The Red Cross and the United Nations (UN) urged countries Wednesday to avoid trying to secure future immunisation jabs against the coronavirus for their populations only, calling for a true "people's vaccine".
The groups spoke out as scientists race to identify and test possible vaccines for COVID-19, which has killed more than 380,000 people and infected close to 6.5 million globally.
They are also scrambling to find a safe and effective treatment.
"We need to fight what is now called vaccine nationalism," Emanuel Capobianco, head of health at the International Federation of Red Cross and Red Crescent Societies (IFRC), told the media.
Unless there was a clear international commitment to global solidarity on this issue, individual countries might end up scrambling to secure their own populations' vaccine needs.
But while the world waited for that vaccine, countries would do well to invest in getting production and distribution up to scale - for everyone, everywhere, he advised.
"Now is the moment to prioritise that," said Capobianco.
"We need to make sure that this spirit of global solidarity and this principle of vaccines as a public good is put at the very centre of the political agenda on COVID-19."
Capobianco spoke as the UN and the International Red Cross and Red Crescent Movement, which IFRC is part of, issued a joint appeal for the global community to ensure fair access once a vaccine was found.
"The spirit of global solidarity must prevail: no one should be left behind," they said.
"A global social contract for a people's vaccine against COVID-19 is a moral imperative that brings us all together in our shared humanity."
The Disease 'Discriminates’
World Health Organization (WHO) member states also agreed last month that extensive immunisation against the new coronavirus would be a "global public good". Any vaccine, that did emerge should be fairly distributed to all, they said.
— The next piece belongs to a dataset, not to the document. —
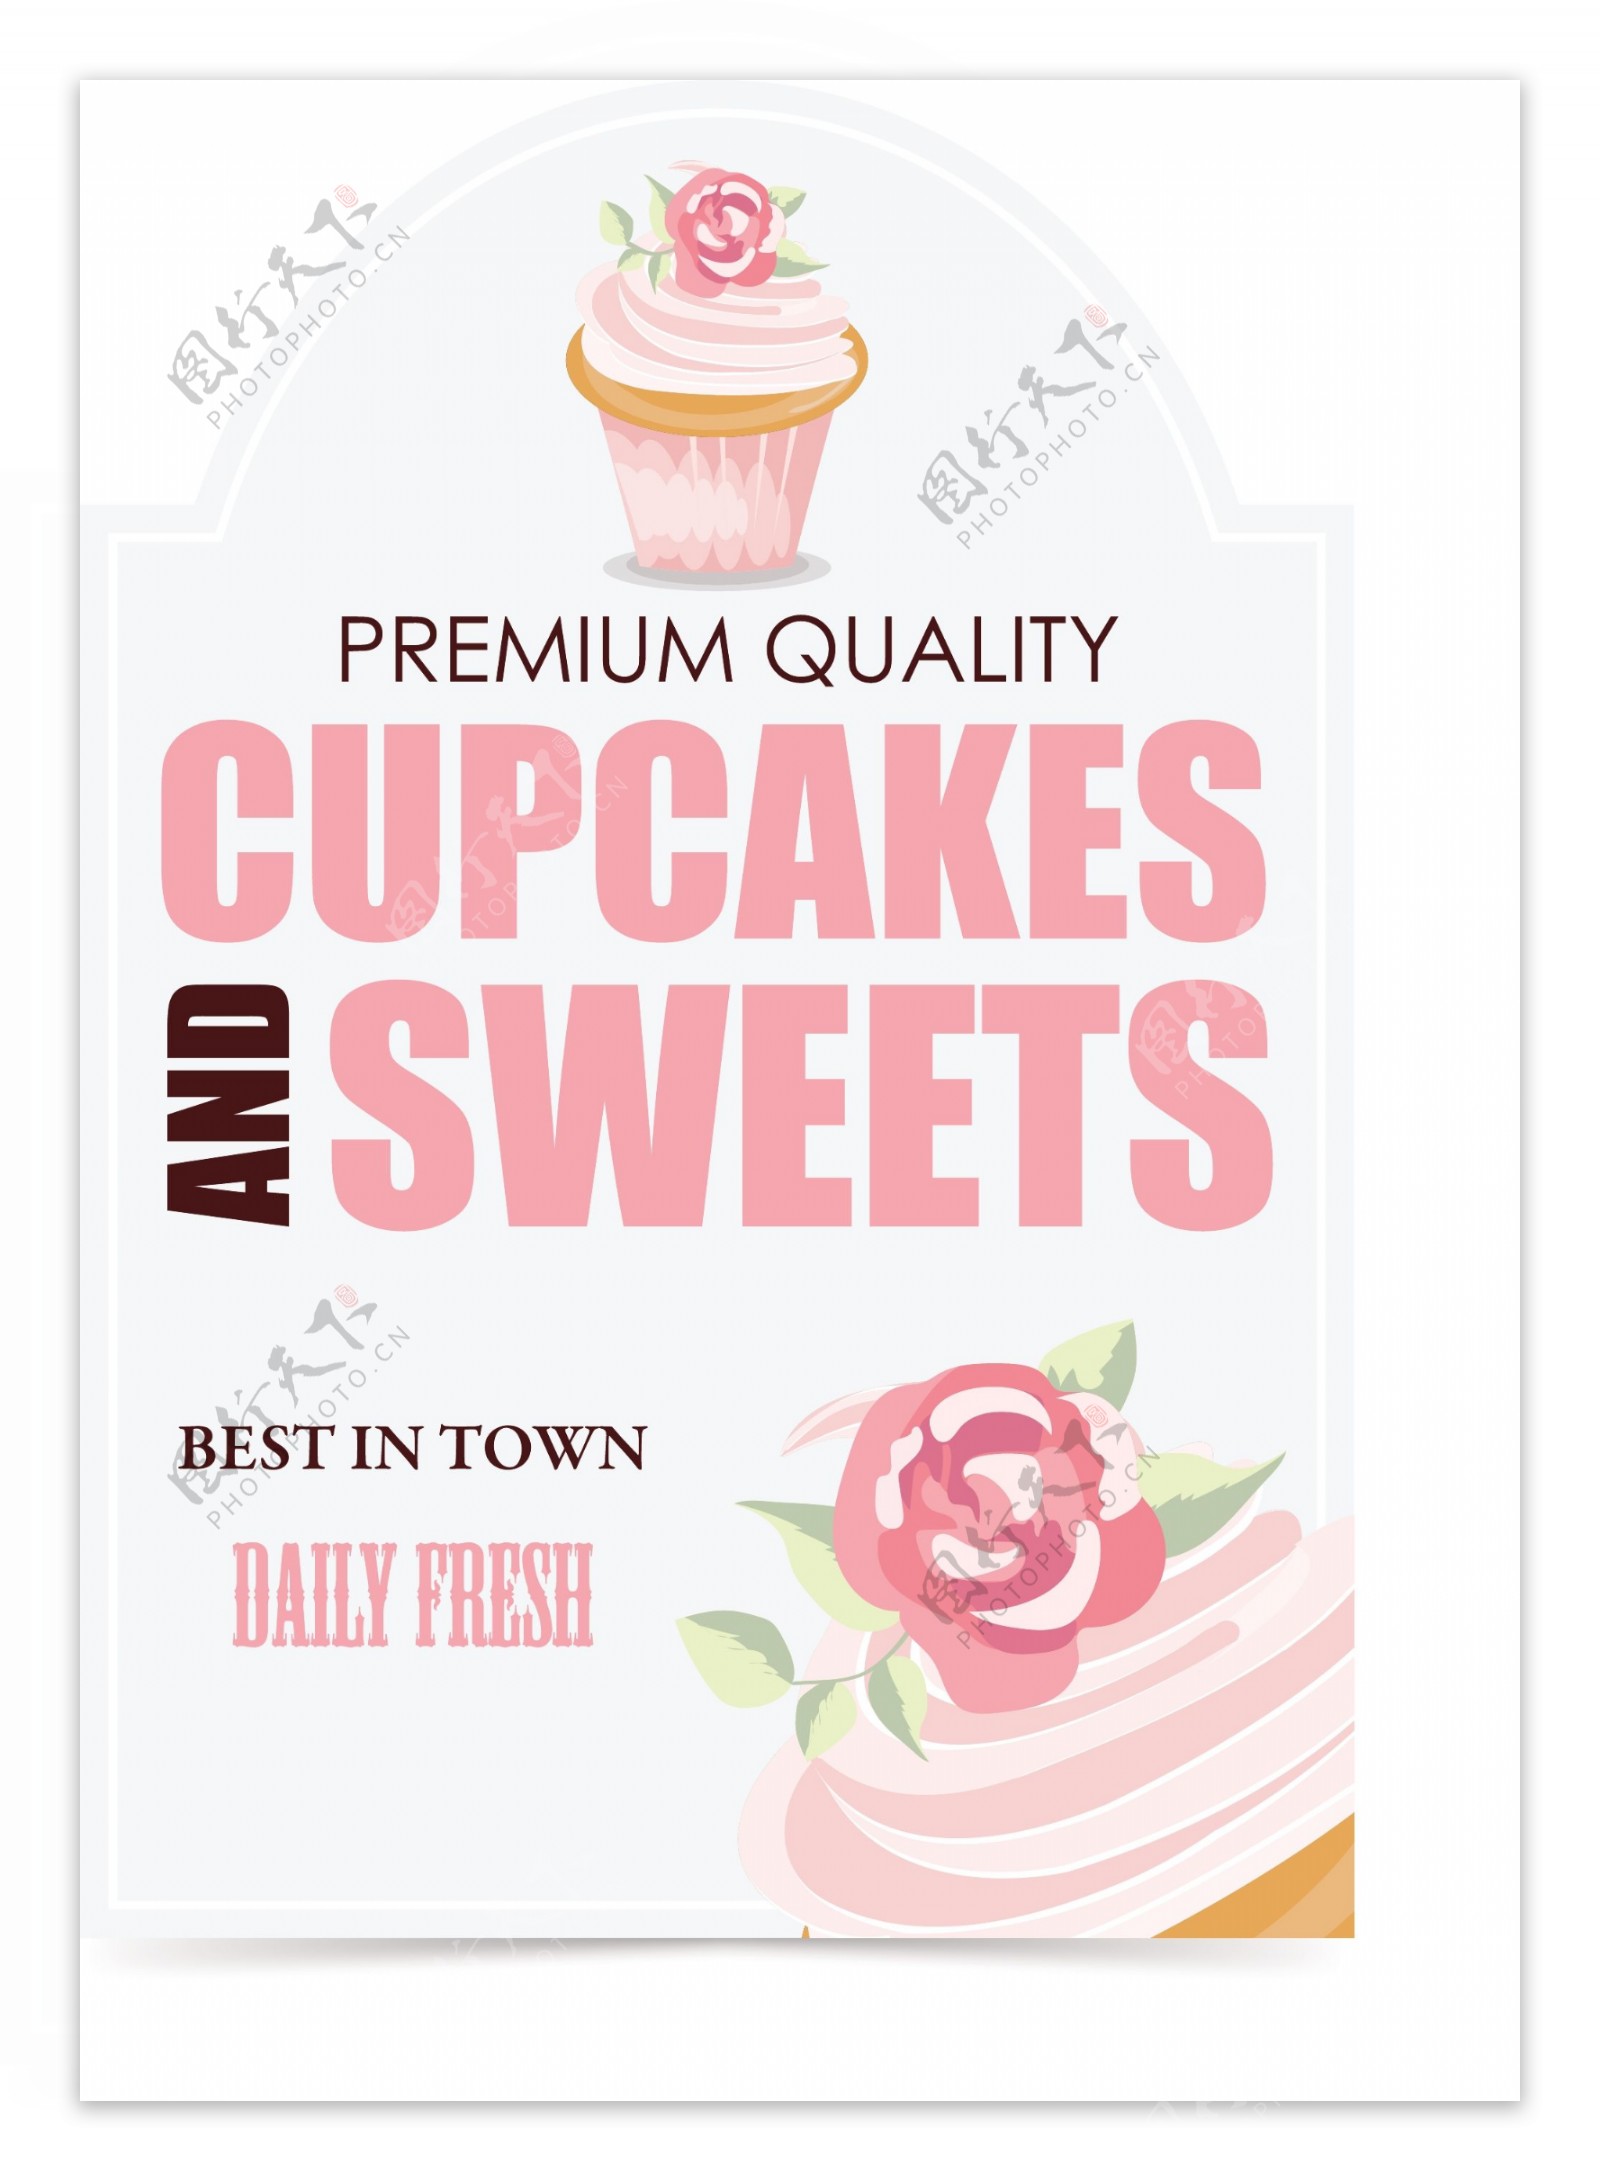 粉色蛋糕店铺卡通图标矢量素材

But there has been pushback not just from pharmaceutical companies but from Washington, which opposes any challenge to international intellectual property rights.
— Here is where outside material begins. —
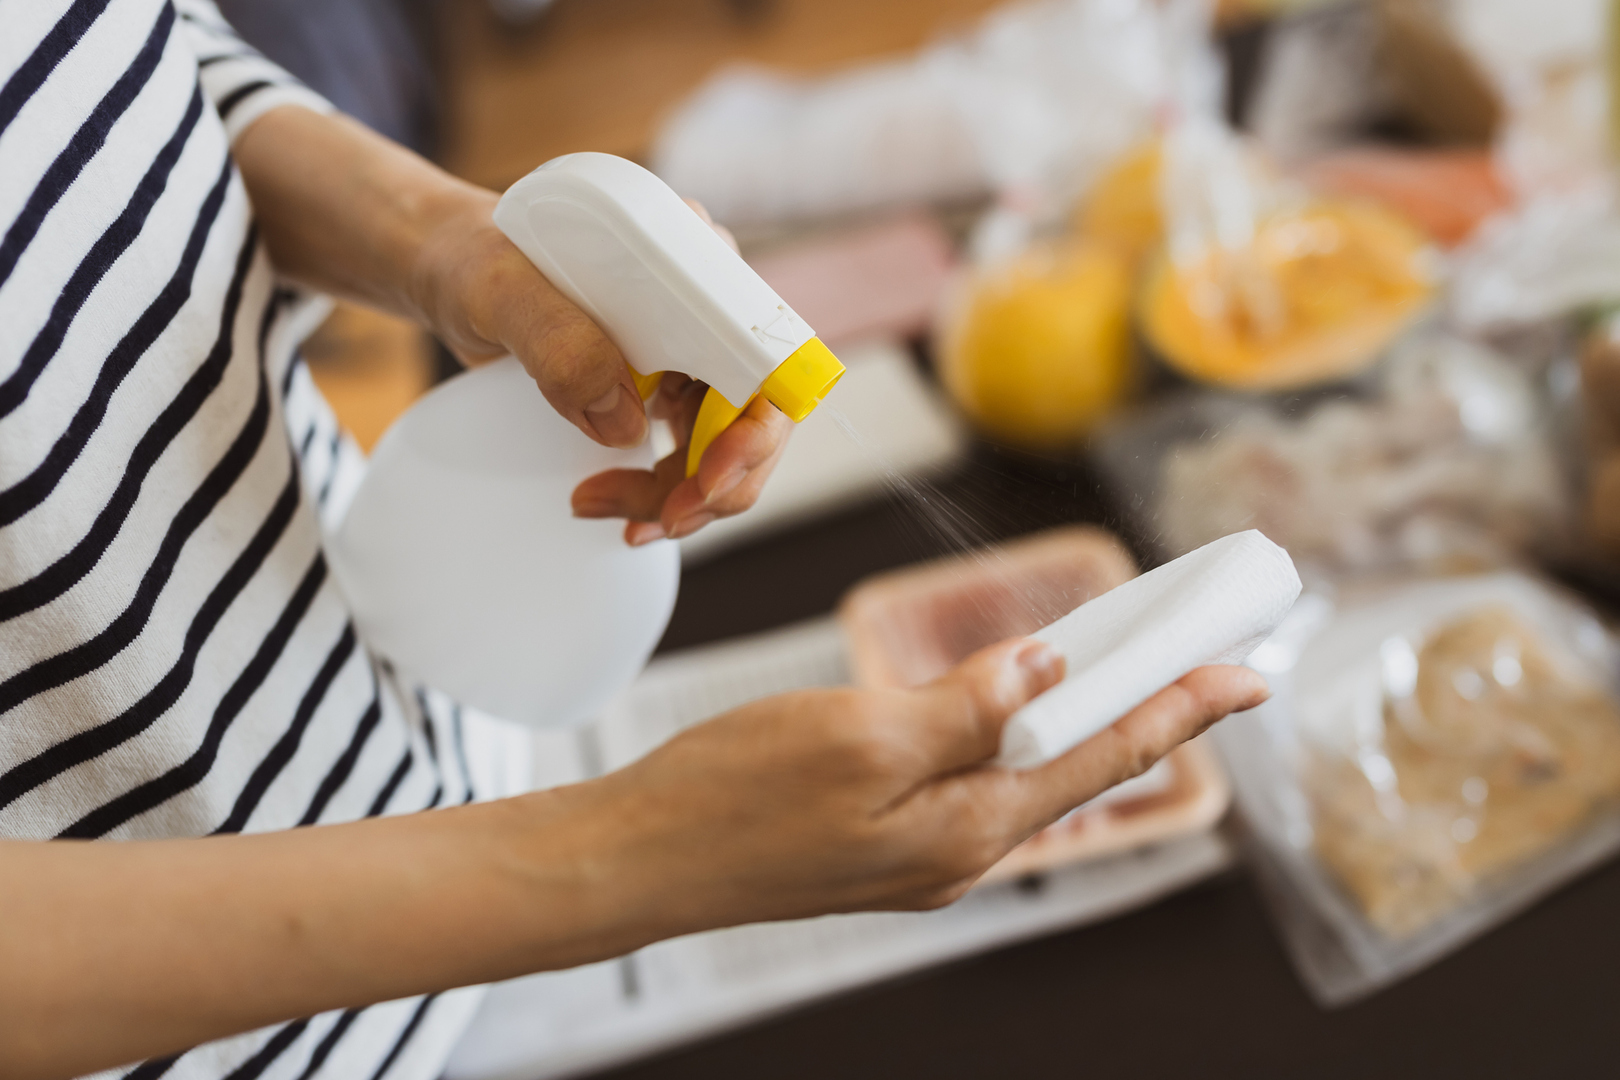 بينها السرطان والعقم .. خبراء يحذرون من مخاطر صحية عديدة تسببها منتجات التنظيف المنزلي

While Capobianco acknowledged the differences, he insisted that it would be in everyone's interest ensure everyone is protected - because the disease itself "clearly discriminates".
In many countries, it had had a disproportionate impact on minorities and other disadvantaged groups, he argued. These were the people more likely to live in poverty, face discrimination and struggle to get health care.
"It is something that concerns us tremendously," said Capobianco. "It is a disease that affects mostly the poor, the most vulnerable."
He cautioned too, against those who thought that the pandemic might simply run its course. Until there was a vaccine and treatment, he said, the danger was ever-present.
"This virus is around, this virus has the potential to infect many more millions of people and to kill many more hundreds of thousands of people," he said.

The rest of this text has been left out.